Мне все еще было очень неловко перед гостями, и Катерина Михайловна это заметила.
— Да не тушуйтесь Вы, голубушка, — она присела рядом со мной и по-матерински обняла. — С каждым может случиться. Все хорошо, что хорошо кончается! Ну посмотрите на меня — я седьмой десяток лет на свете живу, а тоже не сообразила. Я ж даже не спросила Вас, что это за грибы. Вот Клим мой — он с детства по грибы да по ягоды ходит, сразу бы отличил. Впредь все грибы, которые нахожу, буду ему сначала показывать. И Вы свои тете Любе несите перед тем, как в кастрюлю положить.
— И правда! Все хорошо, что хорошо заканчивается! — бодро возвестила Зина.
— Точно! — согласилась я. — А давайте тогда просто чай попьем! С блинами и вареньем? А? Варенье точно неядовитое, его тетя Люба делала.
— Ладно! — Зина пододвинула к себе тарелку и устроилась поудобнее. — От блинов не откажусь!
— И то правда! — добродушно поддакнула ей Катерина Михайловна. — Эх, правду говорят: «Век живи, век учись!». Вот ты, Зиночка, нам сегодня и преподала урок — завучу и директору. Вот поеду на выходных домой, в Москву — обязательно куплю себе справочник и научусь различать грибы. Или Клима попрошу научить…
— Вы только, Дарья Ивановна, ежели еще раз соберетесь суп грибной варить, тете Любе грибы сначала покажите, — не удержавшись, хихикнула Зина и положила себе на тарелку красивый, хорошо поджаренный блин. — М-м-м, как аппетитно выглядит! А сметанки мне можно?
— Можно, — выдохнула я с облегчением и попросила: — Ты только Зина, пожалуйста, в школе никому не проболтайся! Не хватало еще, чтобы в меня потом ученики пальцем тыкали. Мол, директриса местная суп из мухоморов приготовила. Еще слухи пойдут по деревне…
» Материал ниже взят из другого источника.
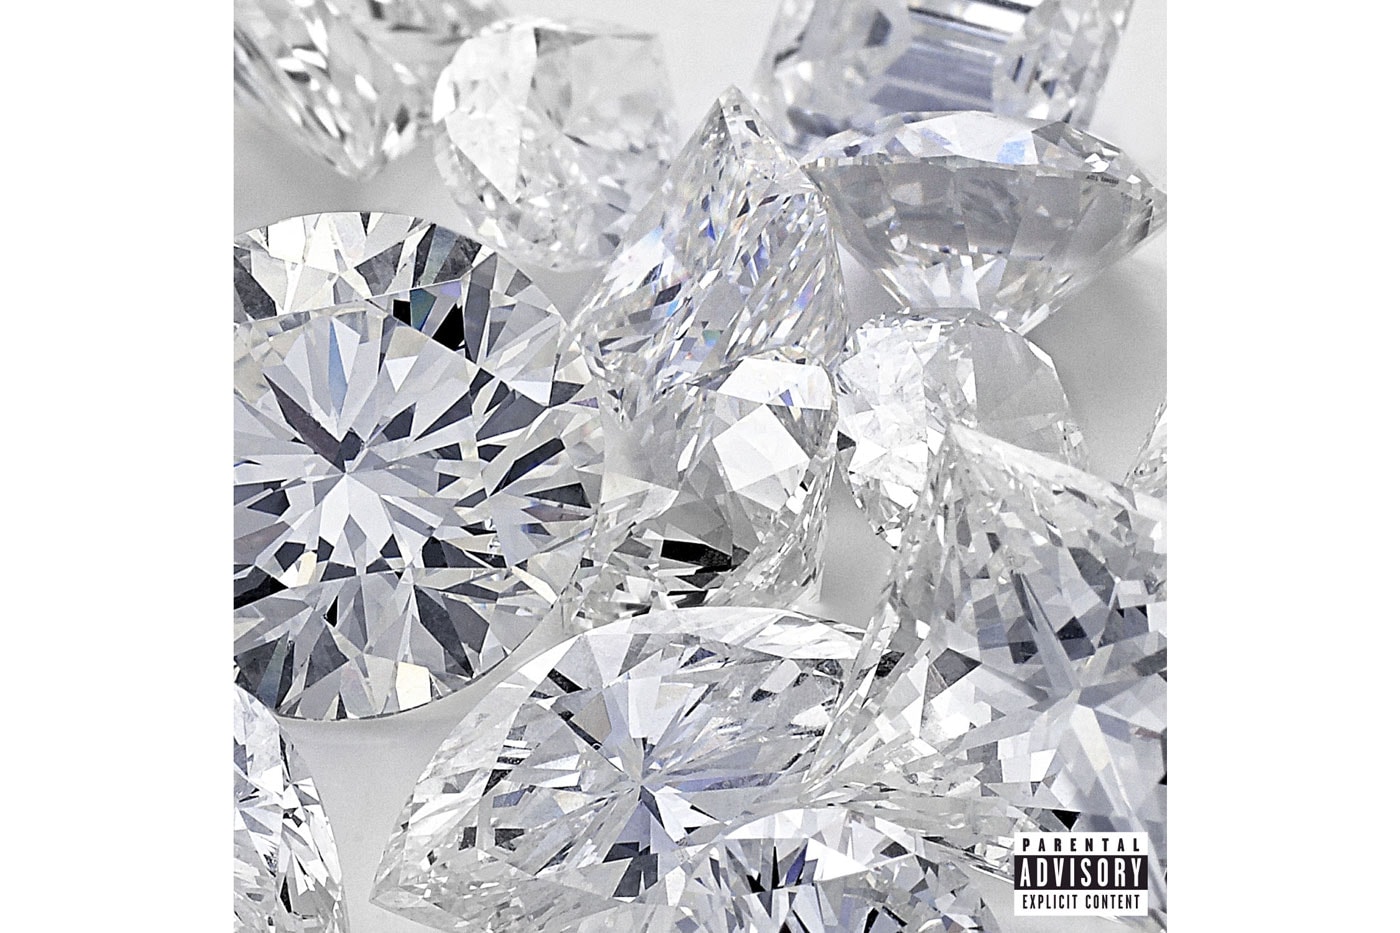 Sales Projections for Drake & Future's 'What A Time To Be Alive" Are In

— Знамо дело, — кивнула Зина, уплетая блин и вытирая сметану с уголка рта. — Ох, вкуснотища-то какая! Да Вы не волнуйтесь, Дарья Ивановна! Я могила!
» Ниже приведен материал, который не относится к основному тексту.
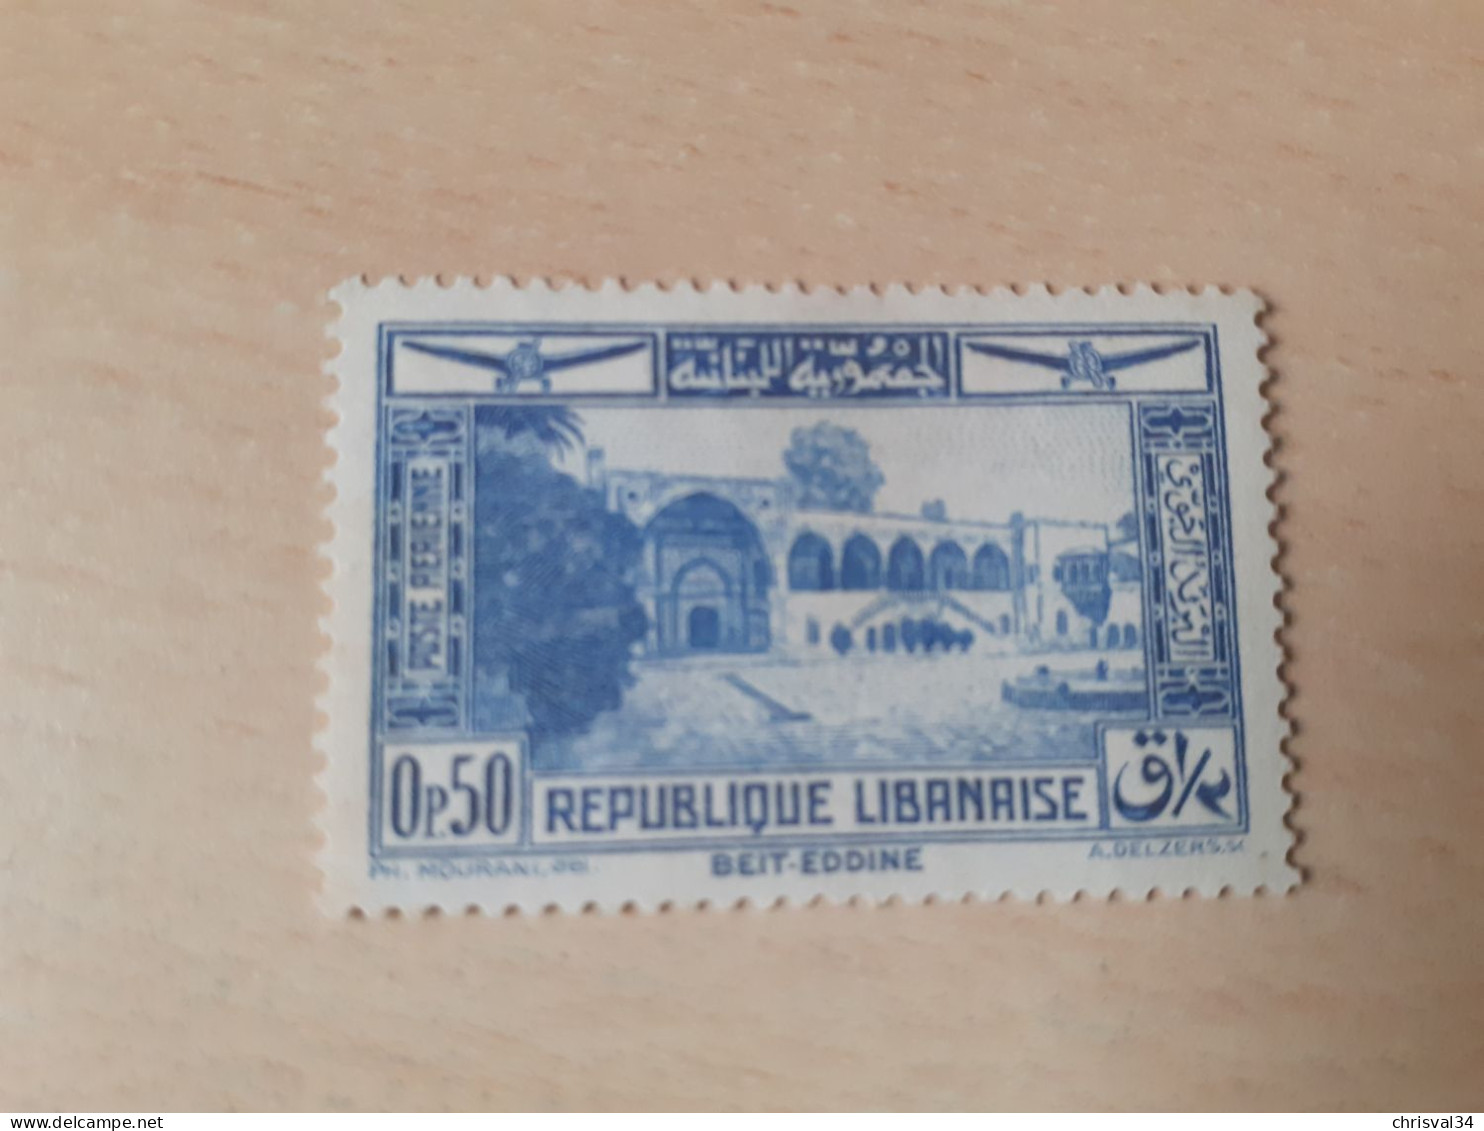 TIMBRE   GRAND  LIBAN    POSTE  AERIENNE   N  65      COTE  0,25  EUROS    NEUF  TRACE  CHARNIERE - Luftpost

Вечером благополучно вернулась из города тетя Люба. Кроме отличного настроения, она привезла с собой мои любимые конфеты «Птичье молоко», новые колготки, большую стопку чистых тетрадей и набор хороших карандашей — все, что я попросила ее купить. Конфеты и тетради с карандашами я решила отдать Зине, в качестве скромной благодарности за спасение жизни. Не привыкшая к тому, что ее балуют, находчивая девчушка была рада выше крыши.
— Если б не Зиночка, не знаю, что с нами и было бы, — с виноватым видом рассказывала я тете Любе за чашечкой чая, когда мы, закончив дела в саду, отдыхали вечерком.
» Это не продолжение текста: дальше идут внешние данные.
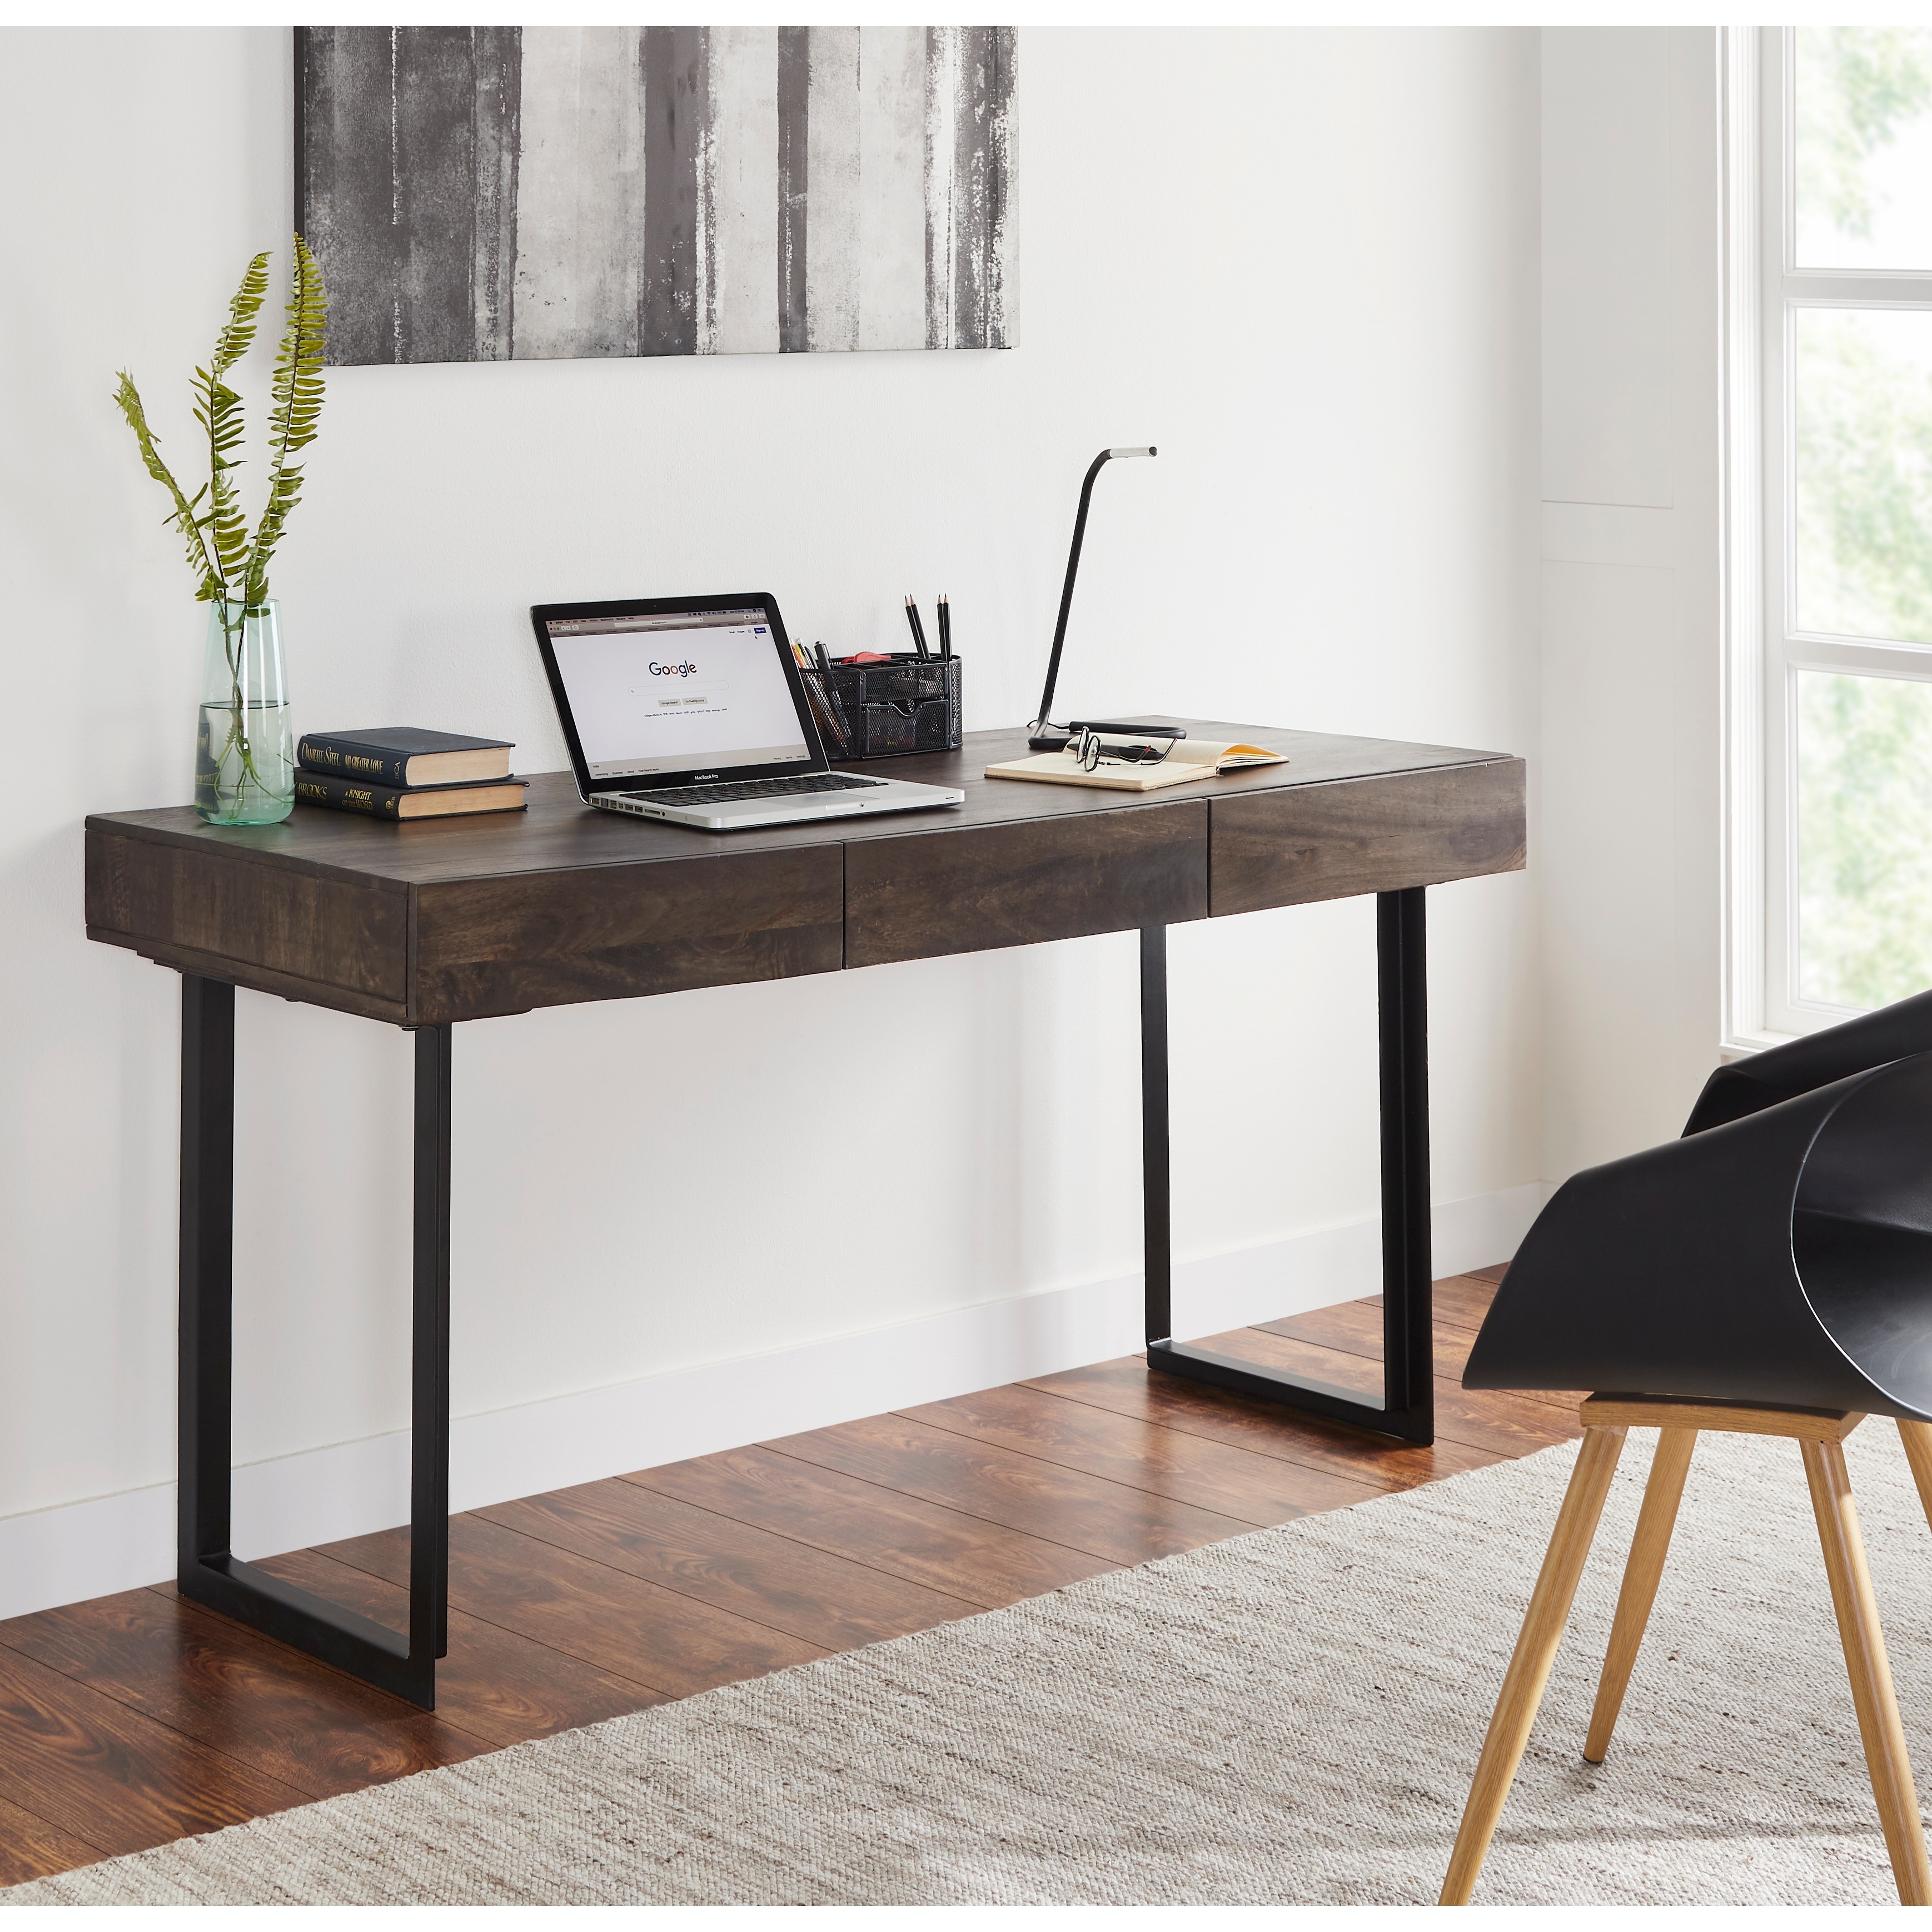 Glide Modern 3-drawer Wood and Metal Office Desk, 58-inches wide

— Да уж, Ивановна, — хохотнула тетя Люба. — Дала ты стране угля! А Михайловна твоя куда смотрела? Тоже мне завуч с директором… Одно слово — городские. Ладно! Будет время — прямо с утречка пойдем с тобой в лесочек неподалеку. Научу тебя белые грибы отличать! Ты уж извини меня, Ивановна, но суп ваш я вылила. Новый с тобой сварим, хороший. Тогда и Михайловну снова позовем, и Зину, спасительницу вашу…
Вечером, разбирая постель, я мельком глянула на календарь… Надо же! А ведь в следующее воскресенье — день рождения моей бабули, Клары Ефимовны, которая сейчас живет в Ленинграде! Будет ей… сорок… сорок один кажется! А чем день рождения — не повод съездить на выходные в родной Ленинград? Меня, конечно, не приглашали, но ведь это СССР — тогда ходить без спросу в гости, при условии, что люди были в хороших отношениях, было нормой.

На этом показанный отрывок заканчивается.